Their are plenty of Insurance Companies quoting for Public Liability Insurance. What trade are you in?

Contact a few insurance brokers who will shop around for you.

Johno


----------



## johndoe64 (8 Dec 2006)

I sent you a PM for the guy that  sorted out my PL for me, he should be able to get you a decent quote.


----------



## MichaelBurke (8 Dec 2006)

Hi NOD,

It helps to include a broker who can advise you of certain options and risks you may not be aware. Quinn Direct can take a few days to reply this is not unusual particuarly this time of year, being a busy time for all insurance companies.
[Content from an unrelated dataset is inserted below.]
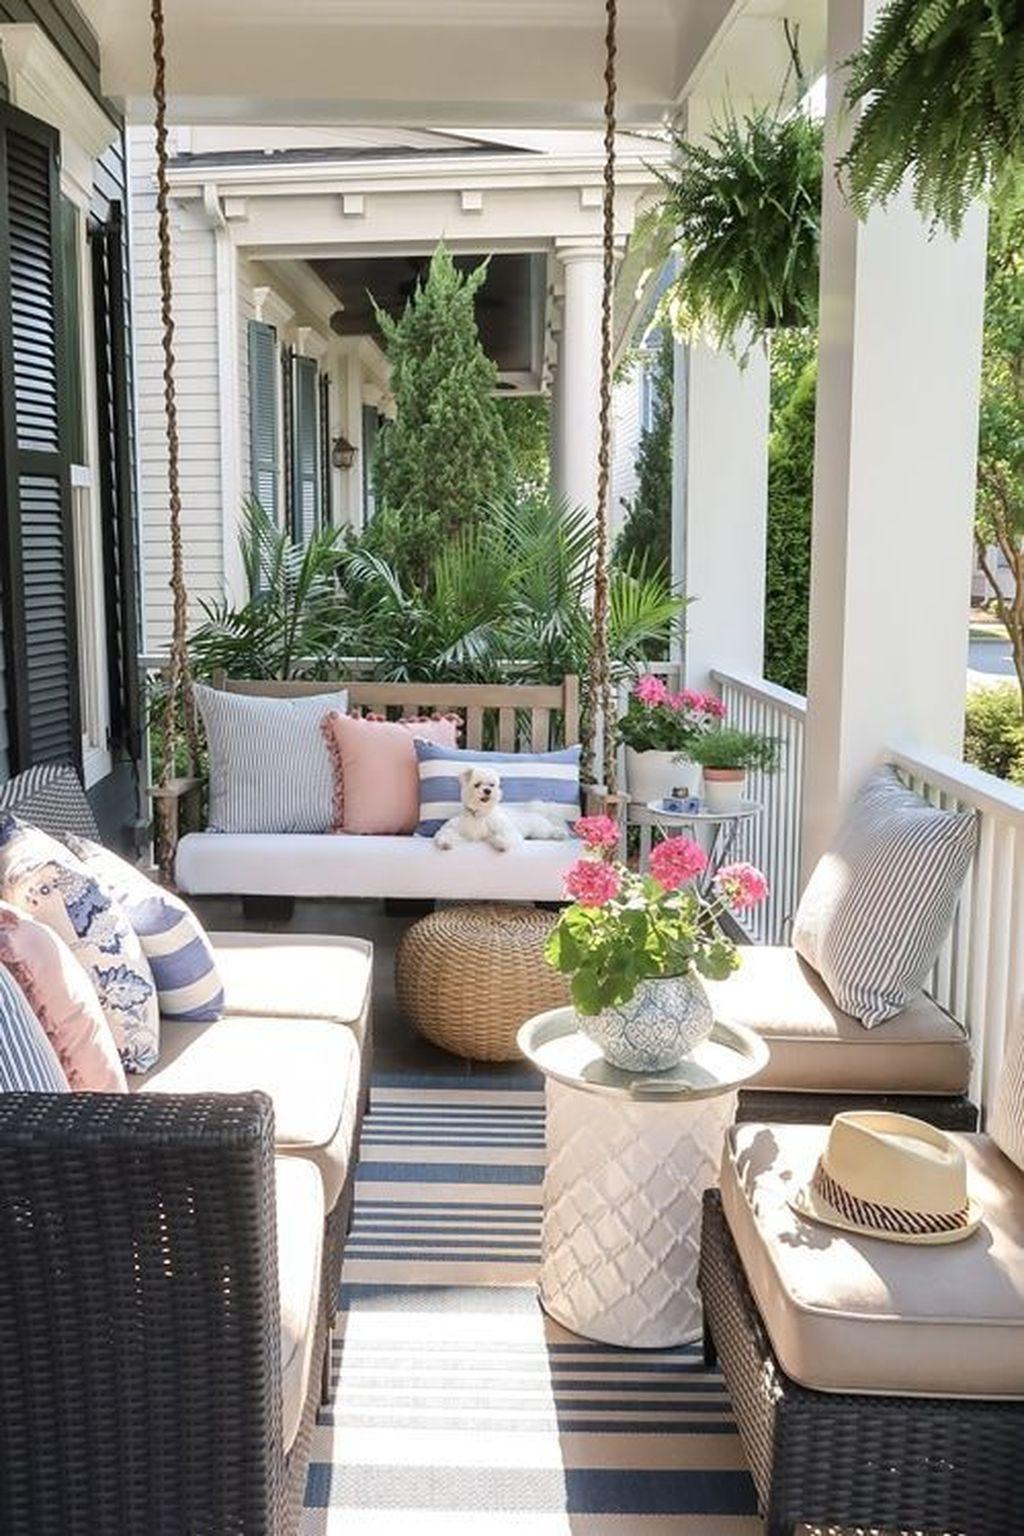 Best Minimalist Furniture Design Ideas For Your Outdoor Area 09

A lot depends on your trade too, which companies are most likely to quote and who is likely to be competitive. I'm not sure if you have already approached a broker or not but don't be afraid to ask if you require any further assistance.
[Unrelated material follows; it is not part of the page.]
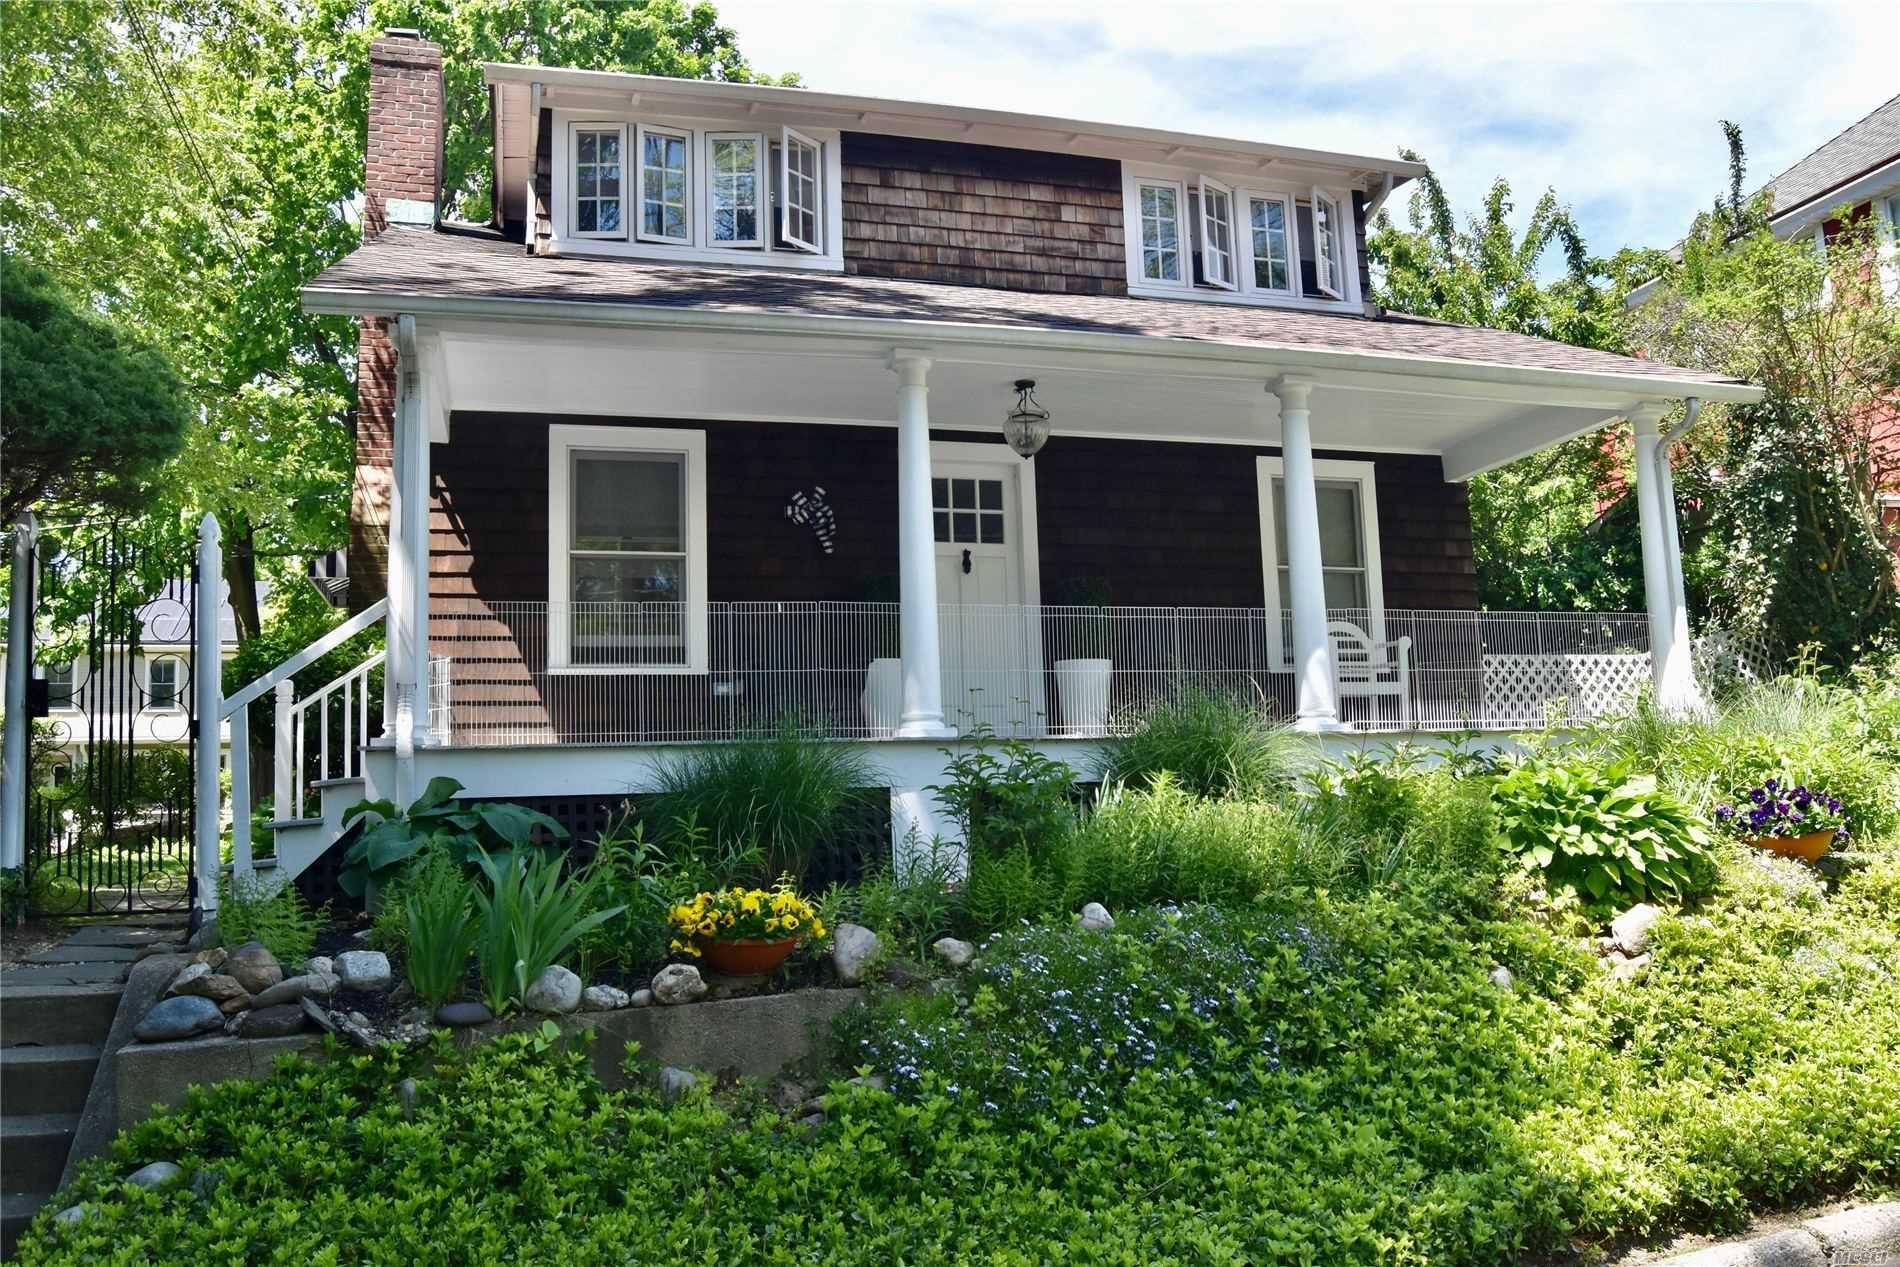 212 Littleworth Lane, Sea Cliff, NY 11579 - MLS#: 3200601

Michael (for Atlantic Insurance Brokers)


----------



## JKForde (17 Apr 2009)

Can I resurrect this thread and ask for some new 2009 opinions! I'm a sole trader in wind planning and enviro business, I access lands now and then purely for survey work - do I need PL insurance?


----------



## donee (17 Apr 2009)

HI ive seen and used thisguy advertised on AAM before  the chaps name is HARRY and their based in Ballina


----------



## JKForde (17 Apr 2009)

Thanks for the headsup donee, will check it out. Having just done some quick reading up on Wikipedia on tort law and public liability I reckon I don't need PL insurance since I can't think of any probable scenario where a third party will have an excuse to claim damages from me considering my non-destructive activity on the lands... unless I happen to drive a prize pedigree ram or bull off a cliff! |0


----------



## shopgirl (17 Apr 2009)

Can recommend bhpinsurance.ie   Have no afilliation with them, just a satisfied customer


----------



## Willowchase (17 Apr 2009)

JKForde said:


> I can't think of any probable scenario where a third party will have an excuse to claim damages from me considering my non-destructive activity on the lands... unless I happen to drive a prize pedigree ram or bull off a cliff! |0



..... or leave a gate open or someone claims you did or........

You would be mad to risk operating without insurance, you could loose everything ......

Discerning employers would also be reluctant to avail of your services.


----------



## JKForde (20 Apr 2009)

Thanks Willowchase for your advice, appreciate it.


----------